On the Performance of Non-Profiled Differential Deep Learning Attacks against an AES Encryption Algorithm Protected using a Correlated Noise Generation based Hiding Countermeasure

Amir Alipoura, Athanasios Papadimitrioub, Vincent Beroullec, Ehsan Aerabid, David Hélye

Univ. Grenoble Alpes, Grenoble INP, LCIS F-26000 Valence, France
aAmir.Alipour@lcis.grenoble-inp.fr
bAthanasios.Papadimitriou@lcis.grenoble-inp.fr
cVincent.Beroulle@lcis.grenoble-inp.fr
dEhsan.Aerabi@lcis.grenoble-inp.fr
eDavid.Hély@lcis.grenoble-inp.fr

ABSTRACT

Recent works in the field of cryptography focus on Deep Learning based Side Channel Analysis (DLSCA) as one of the most powerful attacks against common encryption algorithms such as AES. As a common case, profiling DLSCA have shown great capabilities in revealing secret cryptographic keys against the majority of AES implementations. In a very recent study, it has been shown that Deep Learning can be applied in a non-profiling way (non-profiling DLSCA), making this method considerably more practical, and able to break powerful countermeasures for encryption algorithms such as AES including masking countermeasures, requiring considerably less power traces than a first order CPA attack.
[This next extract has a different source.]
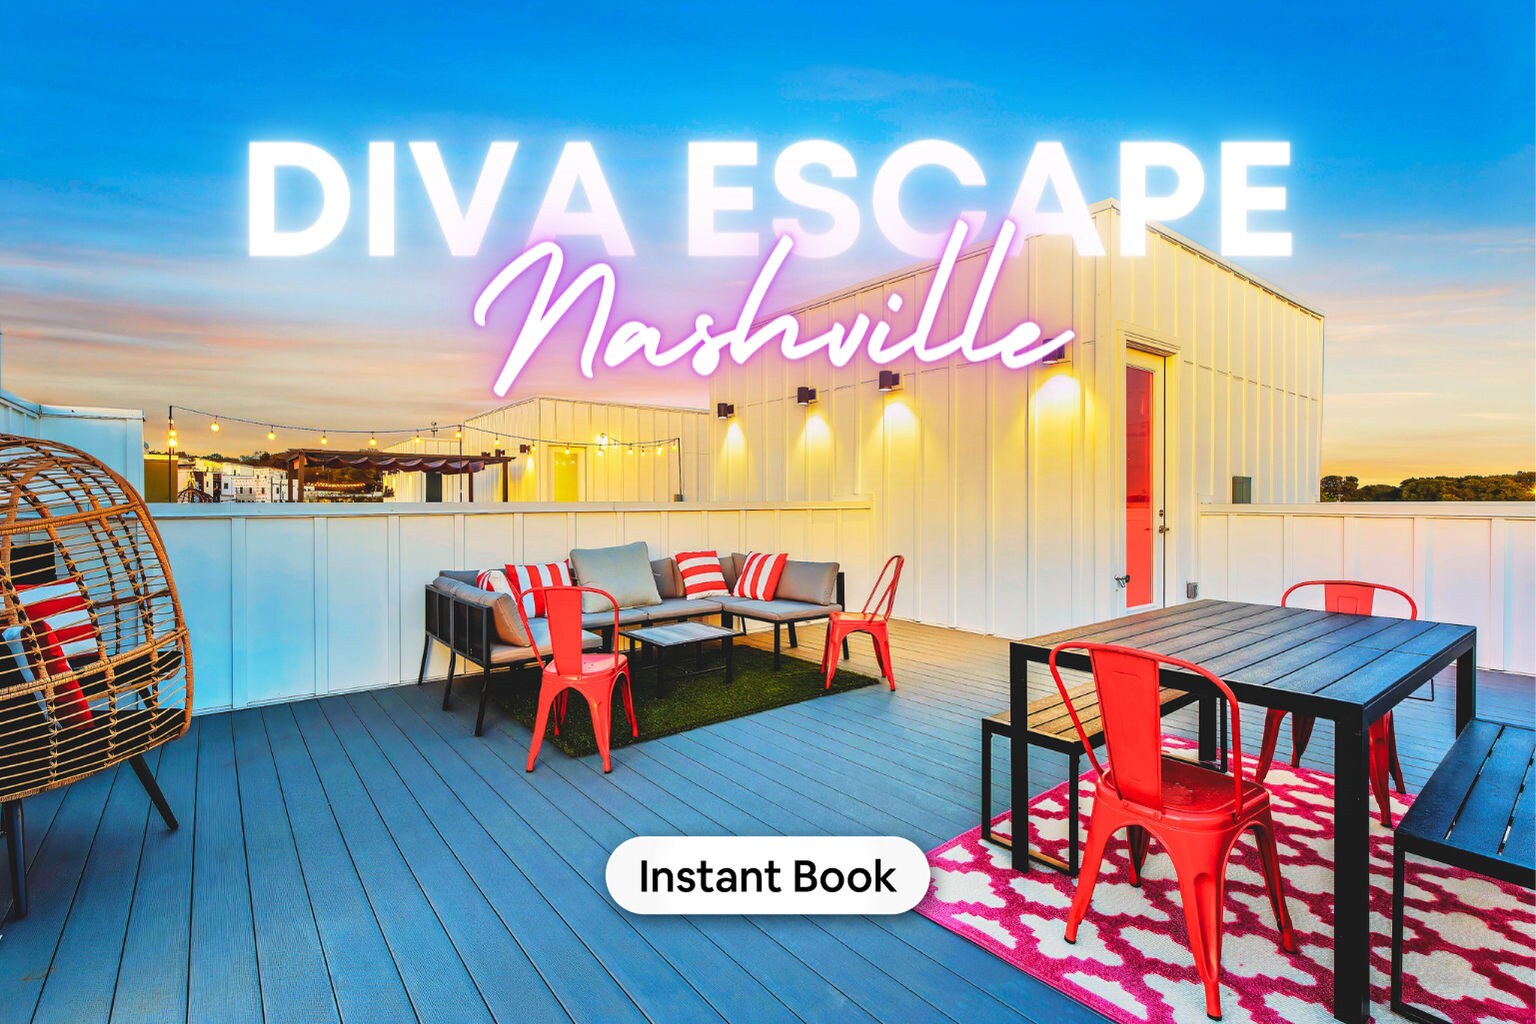 Gather your friends for a stunning Music City sunset on our luxury rooftop deck at 'Diva Escape Nashville'! Perfect for your next Nashville bachelorette bash or family vacation, this chic vacation rental invites you to lounge, laugh, and make memories. Don't just dream of the perfect getaway; make it happen with Misfit Homes. 🌆✨ Ready to live it up in style? Click to book your ultimate Nashville vacation now!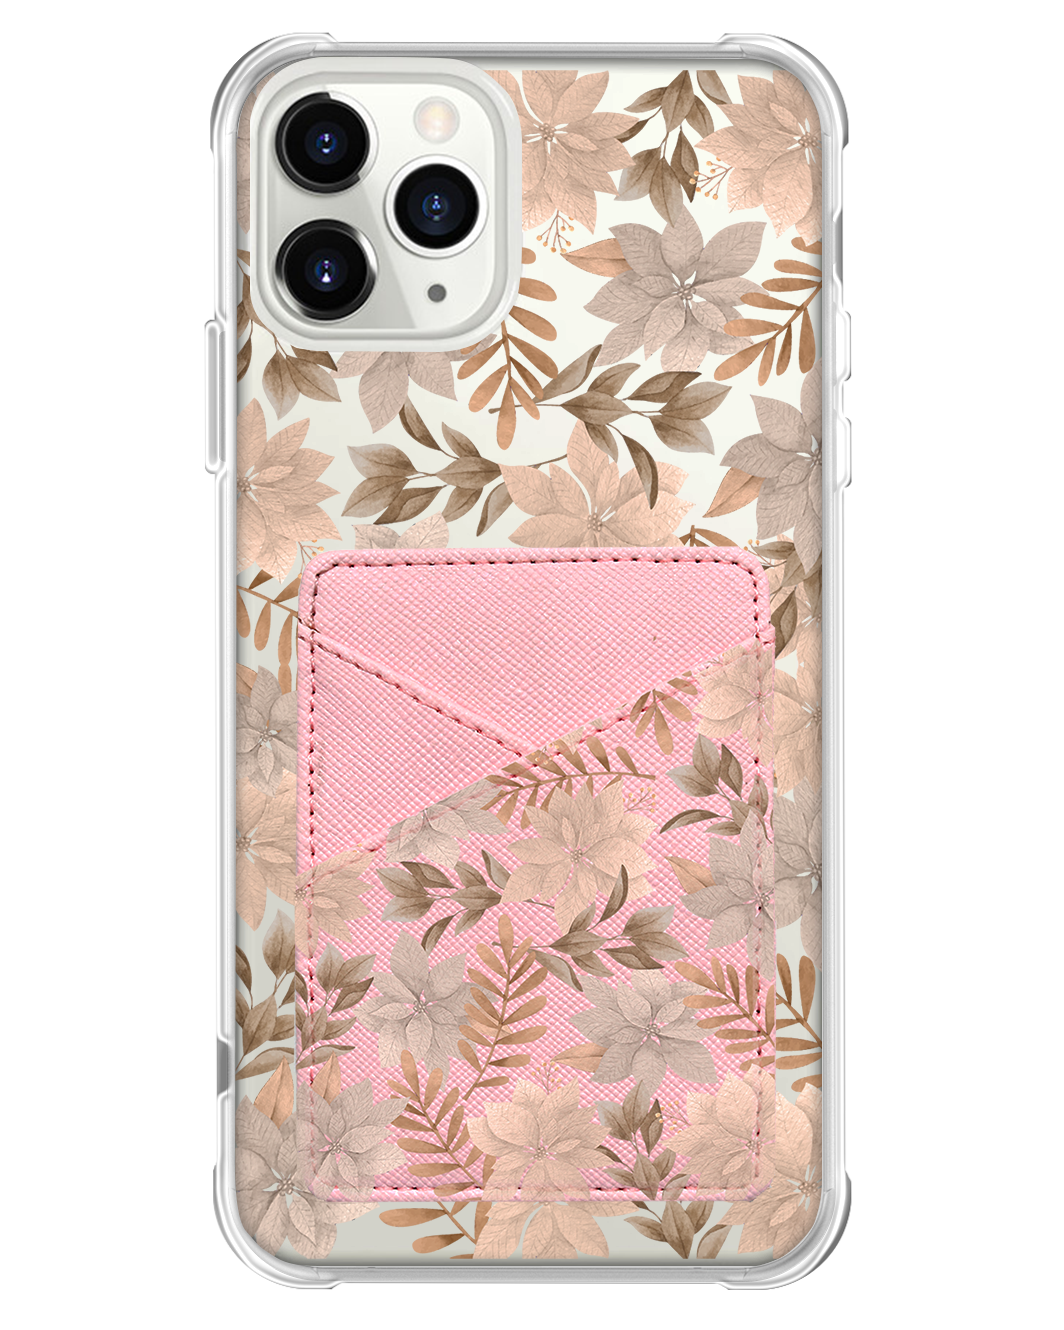 iPhone Phone Wallet Case - Rustic Lily

In this work, our main goal is to apply the non-profiling DLSCA against a hiding-based AES countermeasure which utilizes correlated noise generation so as to hide the secret encryption key. We show that this AES, with correlated noise generation as a lightweight countermeasure, can provide equivalent protection under CPA and under nonprofiling DLSCA attacks, in terms of the required power traces to obtain the secret key.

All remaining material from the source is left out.